La forme de la reprise actuelle est très différente de celle des dernières reprises économiques. Le marché du travail américain mène la reprise. La consommation de biens a non seulement permis à la croissance du PIB de sortir de la récession, mais connaît également une reprise de l’emploi beaucoup plus forte que n’importe quelle autre depuis les années 1990. (Voir Figure 1.)

Figure 1

Croissance de l'emploi par grands secteurs économiques après les récessions, 1970-2023

En termes de phénomènes macroéconomiques plus larges, le résultat d’une forte croissance de l’emploi avec un ralentissement de la croissance du PIB est une productivité mesurée plus faible. Il est encore trop tôt pour se demander précisément pourquoi la productivité serait faible en ce moment compte tenu du nombre de perturbations dans l’économie et des effets mécaniques des chocs sur l’emploi et la production. Même encore, les baisses de productivité dans les économies avancées ne sont pas inhabituelles, ce qui souligne la nécessité pour les politiques de se concentrer sur l’augmentation de la productivité.

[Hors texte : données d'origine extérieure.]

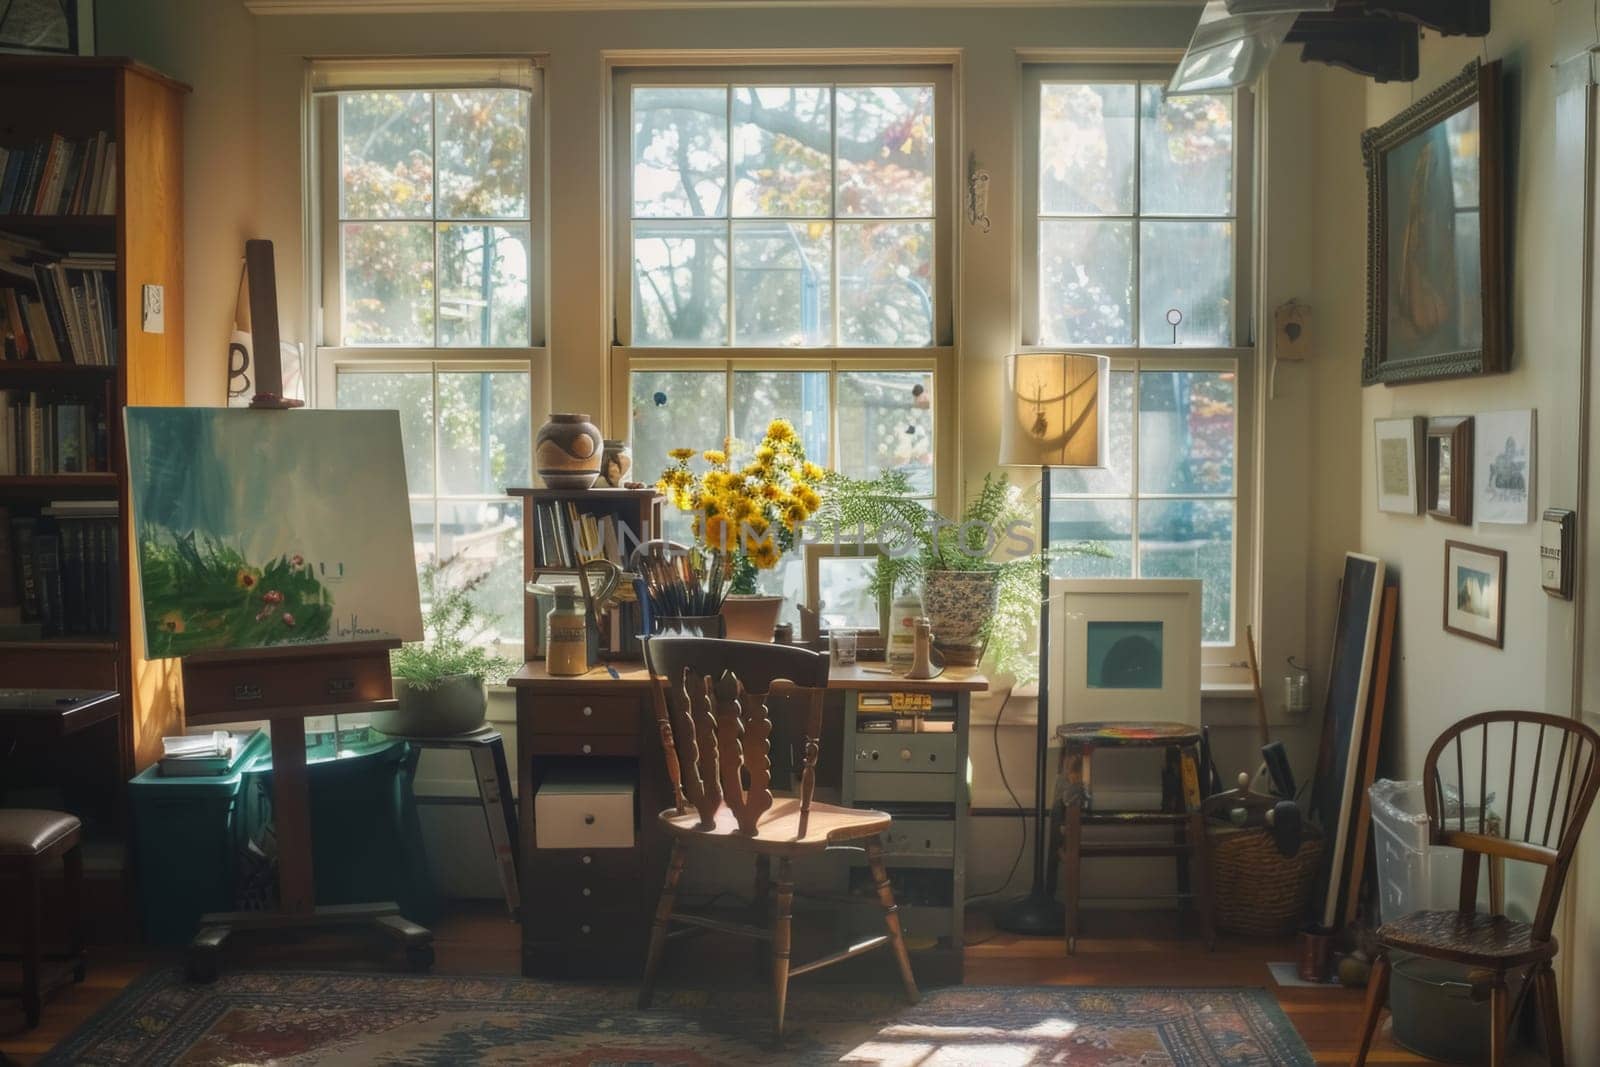 A cozy artist's home studio bathed in sunlight, with a painting in progress, surrounded by books, plants, and personal treasures that inspire creativity

Le Royaume-Uni, par exemple, a connu une forte reprise de l’emploi avec une très faible croissance du PIB après la Grande Récession. L’absence de croissance de la productivité qui a résulté de ces tendances reste difficile à attribuer à un facteur spécifique, mais après une décennie, il y a peu de débat sur le fait qu’il s’agit d’un phénomène réel qui rend la vie matériellement pire là-bas.

Vents contraires à l’étranger

Tout comme elle l’a fait immédiatement après la récession de Covid-19, l’économie américaine a connu bon nombre des perturbations des prix et de la chaîne d’approvisionnement auxquelles sont confrontées d’autres économies avancées, mais a augmenté plus fortement, une tendance qui semble se poursuivre en 2023. La source de la force est les États-Unis récoltent les bénéfices qu’ils ont semés avec un soutien des ménages exceptionnellement fort au plus fort de la pandémie. Les consommateurs américains ont été à l’origine de cette reprise du côté de la consommation, et les travailleurs ont été à l’origine de la reprise du côté de la production.

Les décideurs américains doivent toutefois reconnaître que les États-Unis ne sont pas une île. Le ralentissement de la croissance à l’étranger est une raison de plus pour laquelle la politique économique américaine doit donner la priorité à l’emploi maximum, d’autant plus que l’inflation reflue.